Source material Block Start

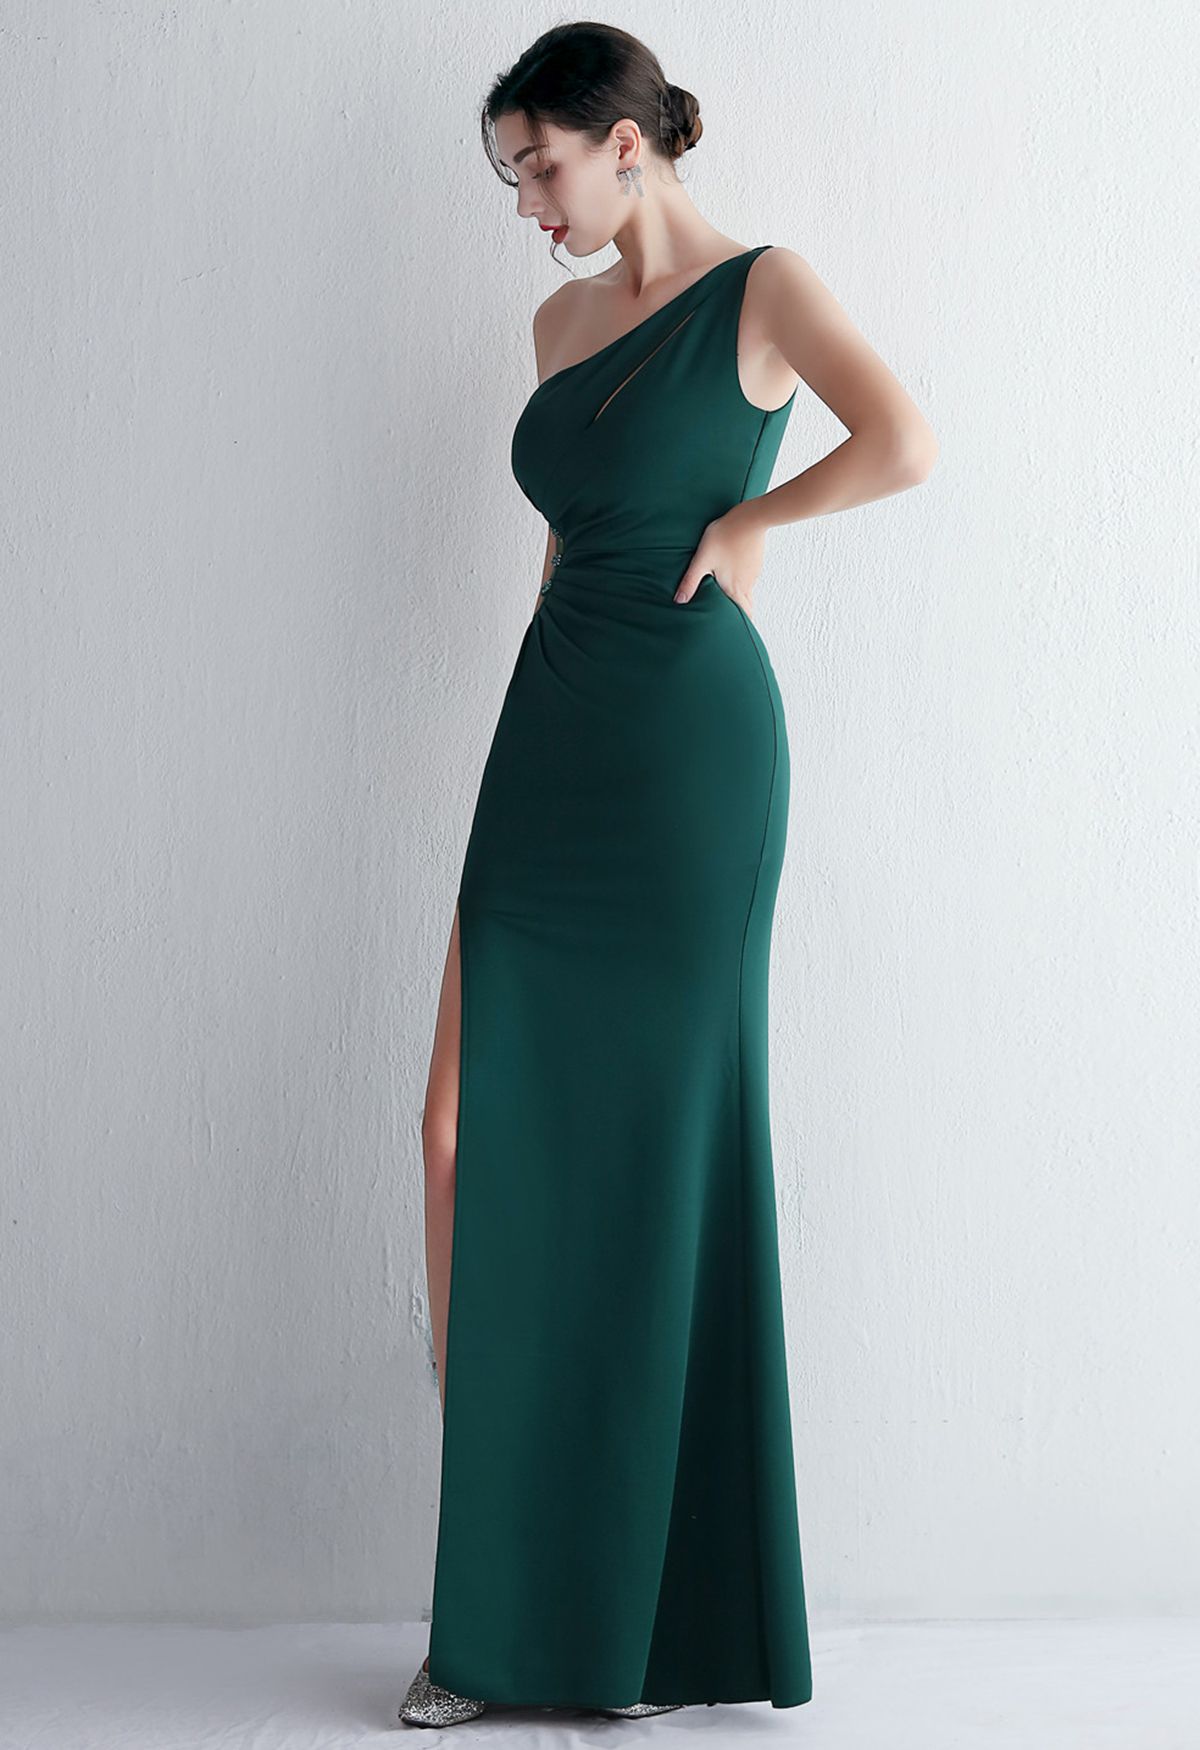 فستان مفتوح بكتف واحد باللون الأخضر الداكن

Source material Block End
Source material Block Start

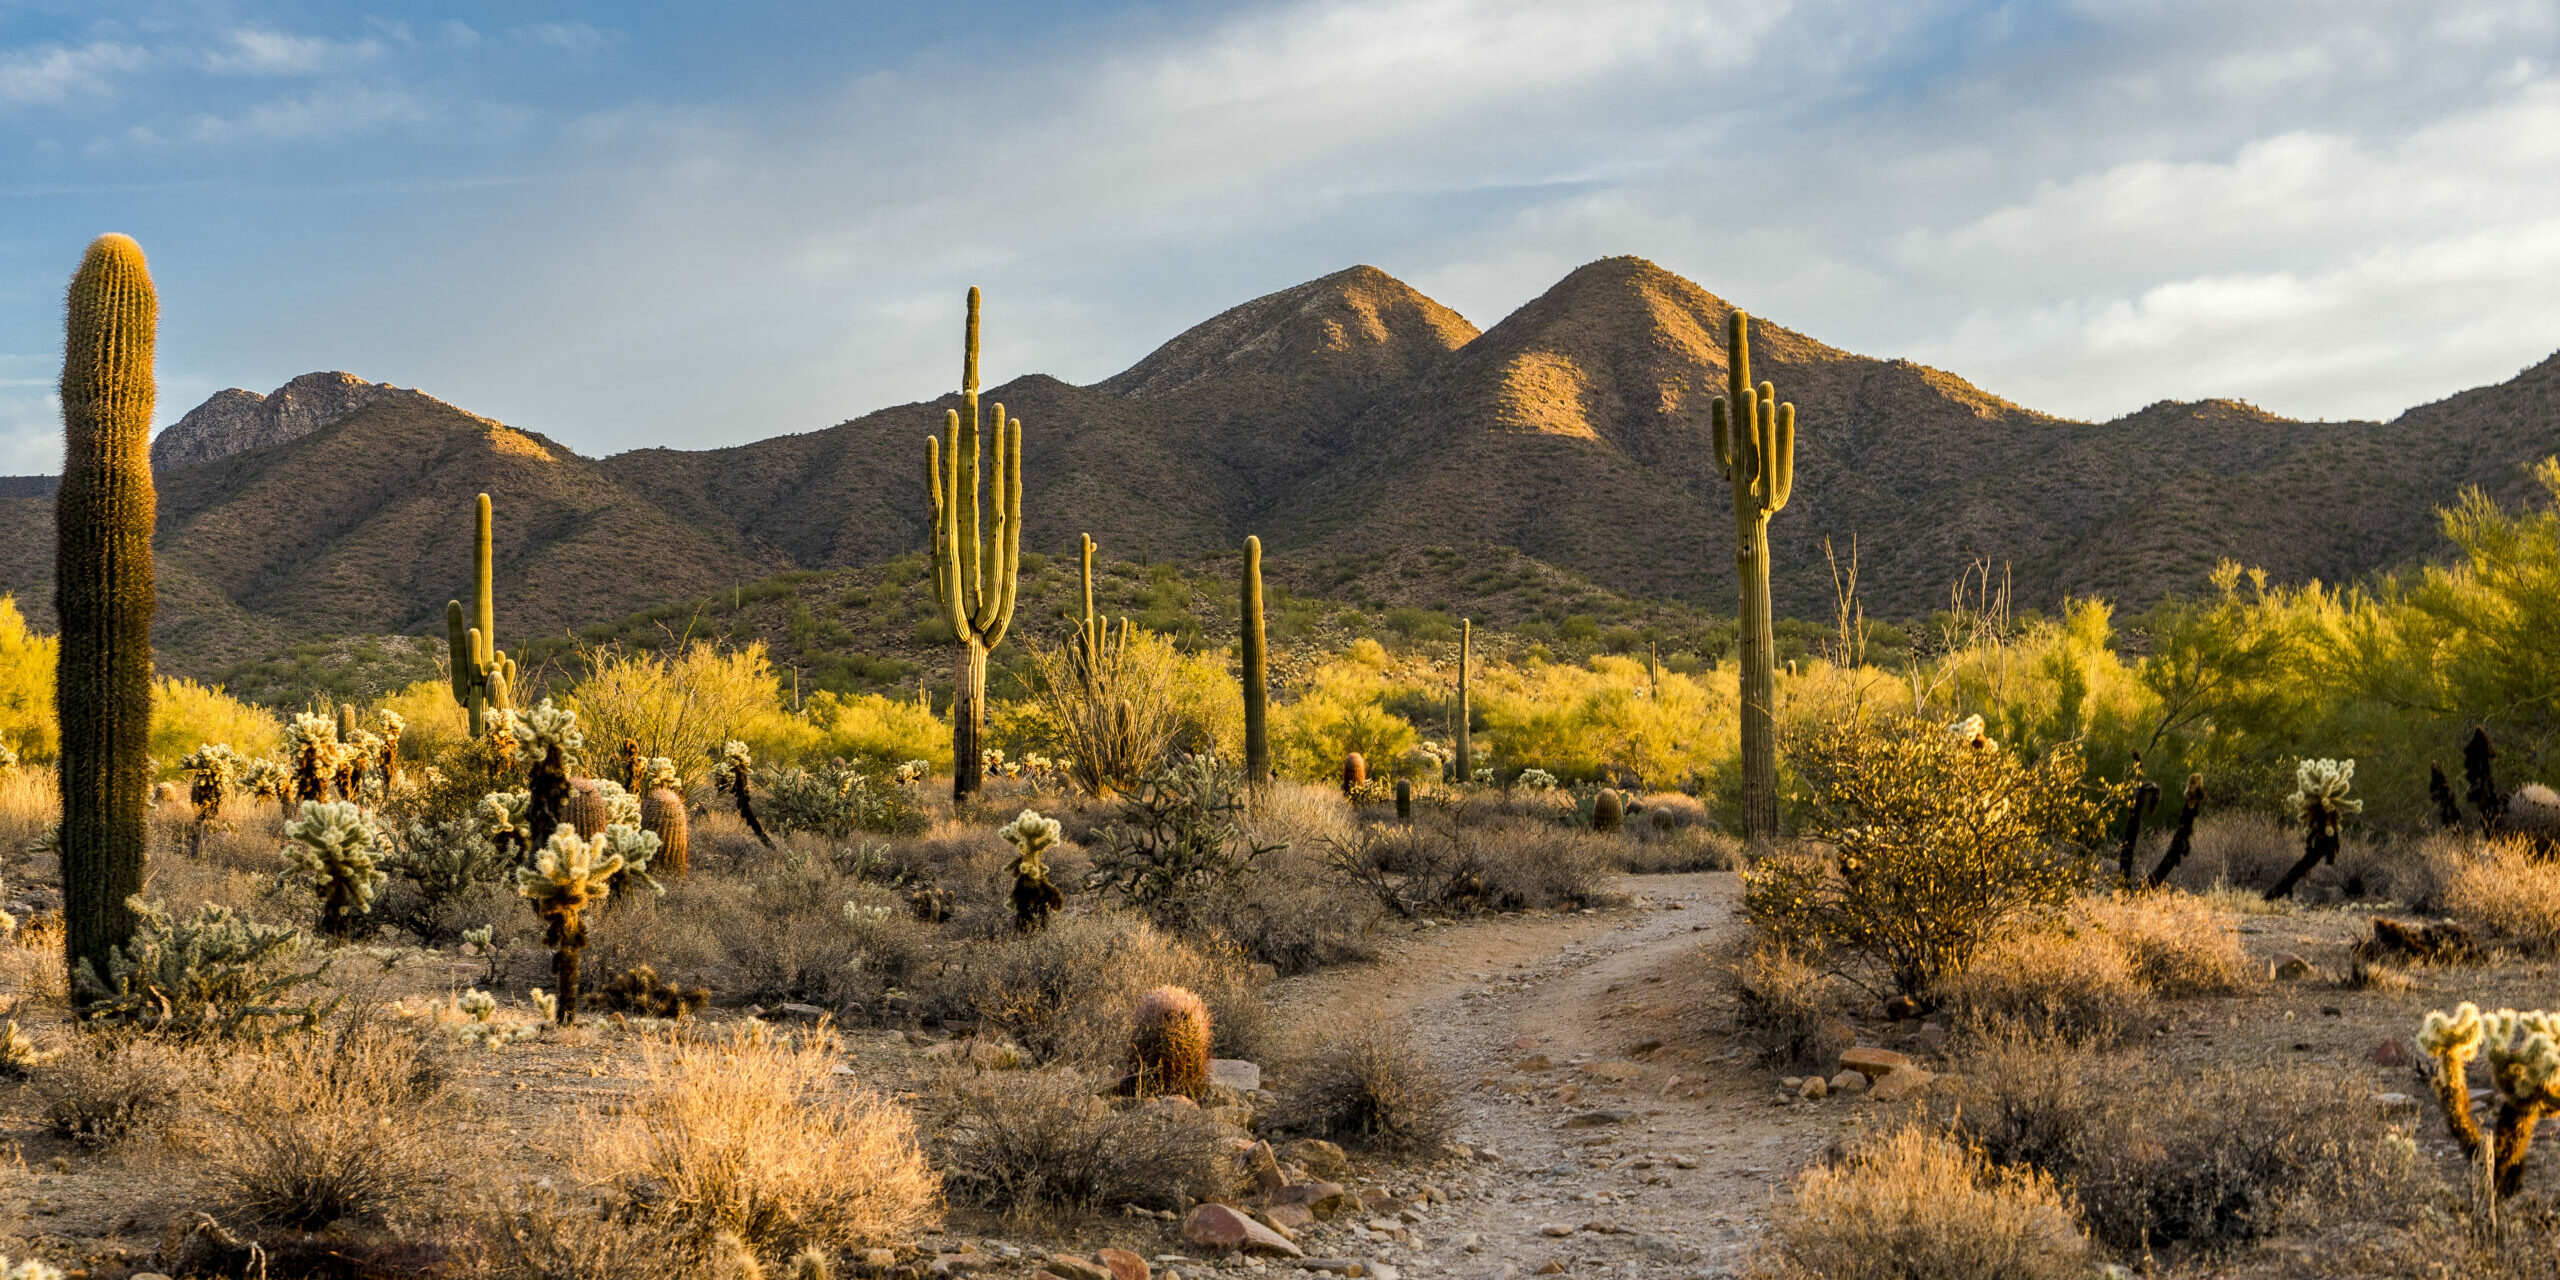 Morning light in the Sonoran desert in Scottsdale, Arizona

Source material Block End
Source material Block Start

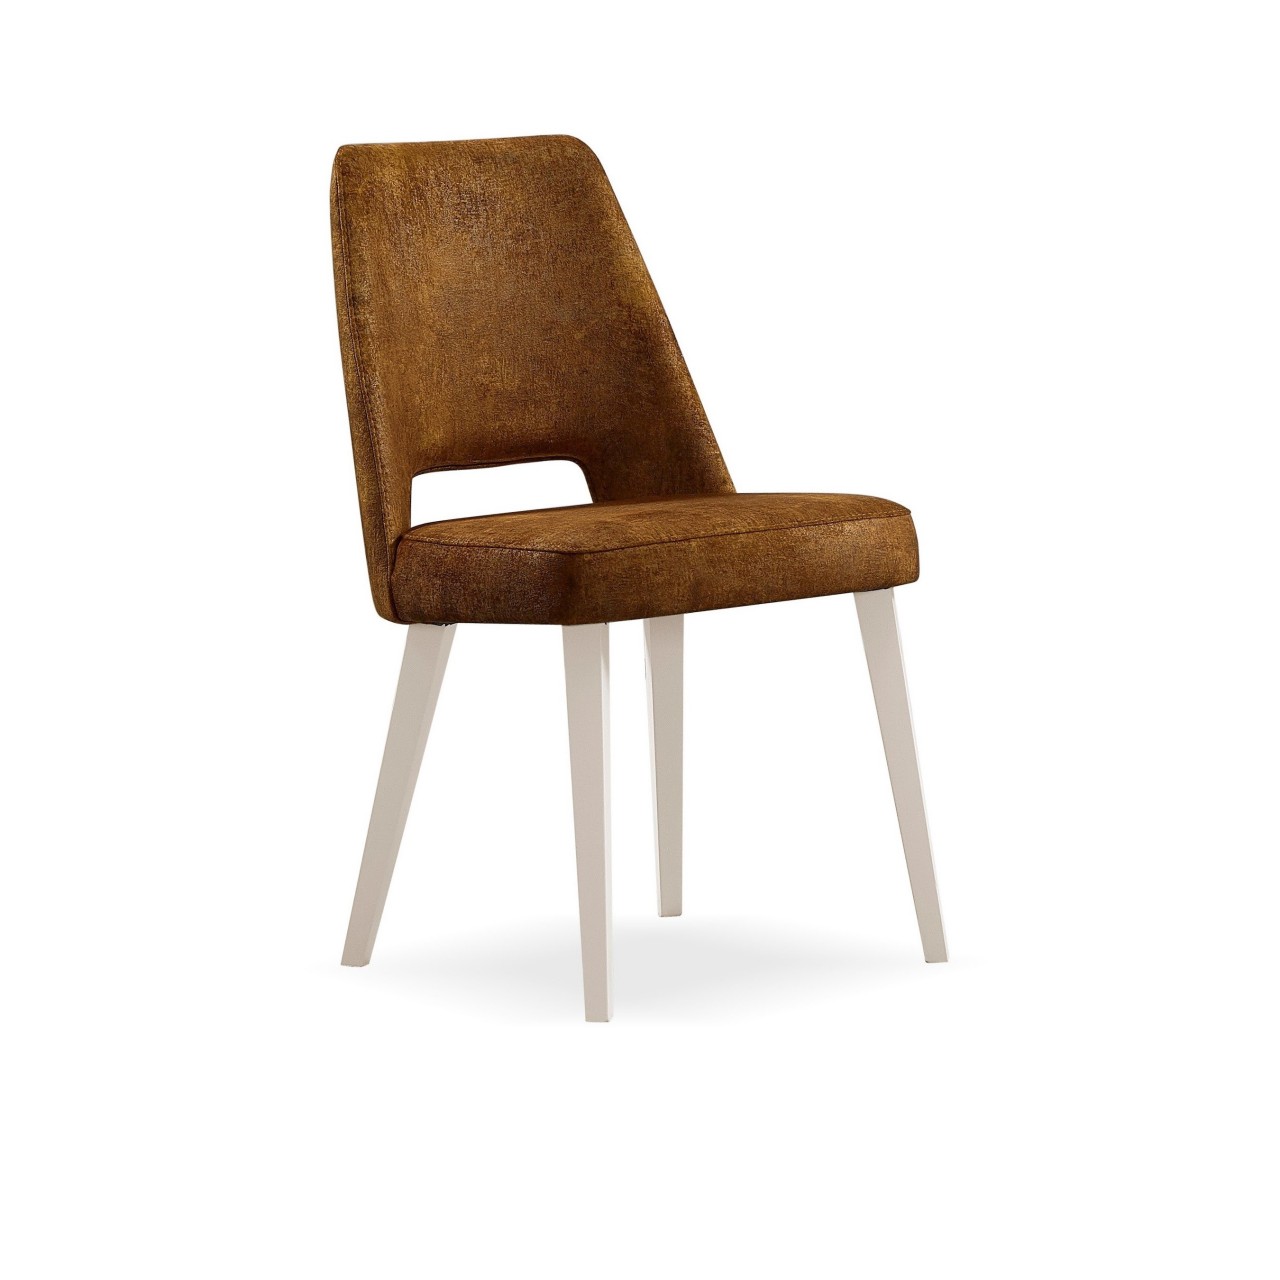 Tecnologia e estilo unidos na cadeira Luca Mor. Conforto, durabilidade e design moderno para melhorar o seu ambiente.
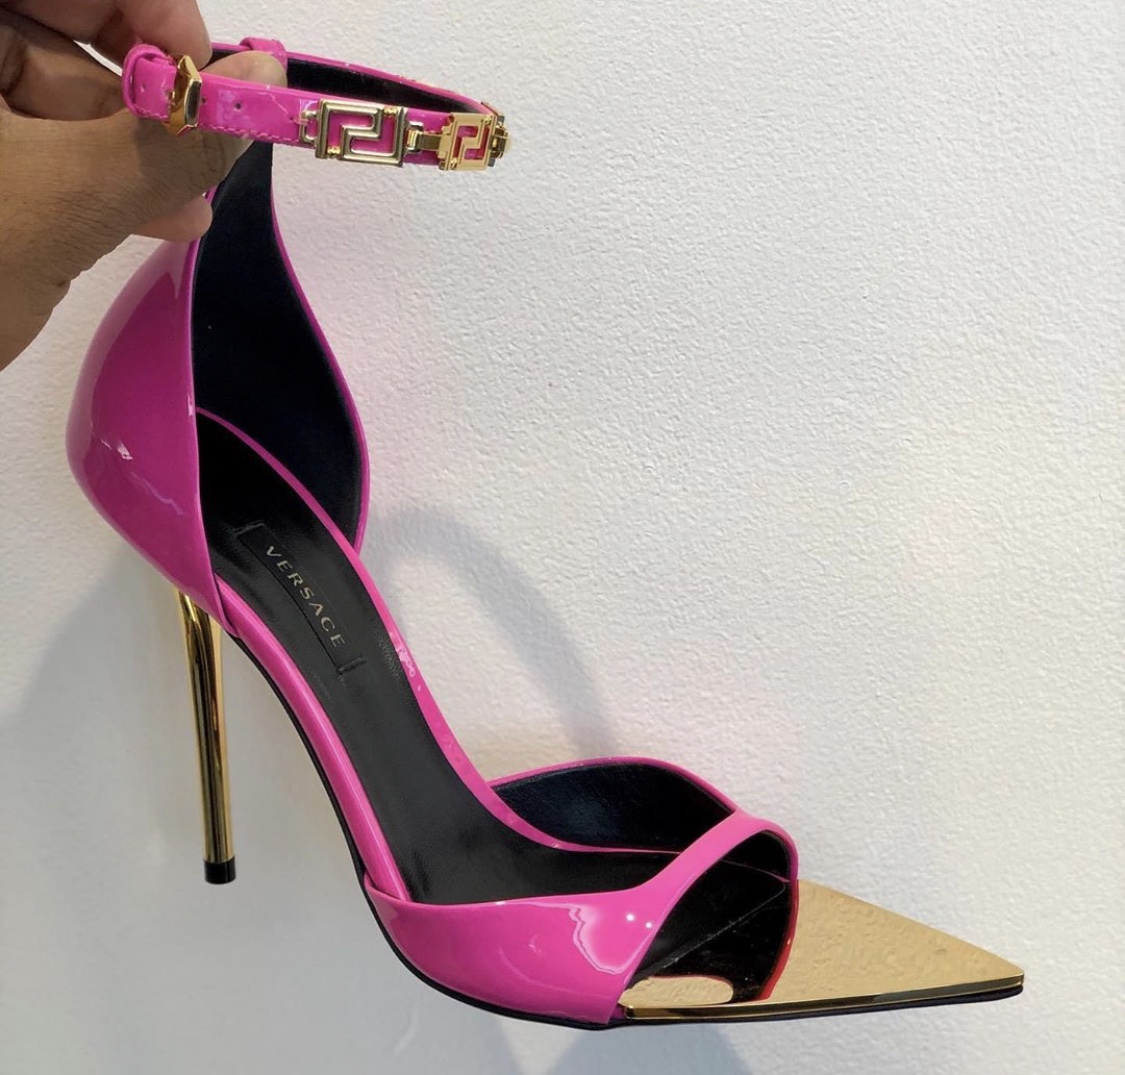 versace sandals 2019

Source material Block End

### Task instructions
Output exactly the lines above, from the line with "Tecnologia e estilo" to the line with "versace sandals 2019", both included; skip the pictures.

### Result for this task
 Tecnologia e estilo unidos na cadeira Luca Mor. Conforto, durabilidade e design moderno para melhorar o seu ambiente.
 versace sandals 2019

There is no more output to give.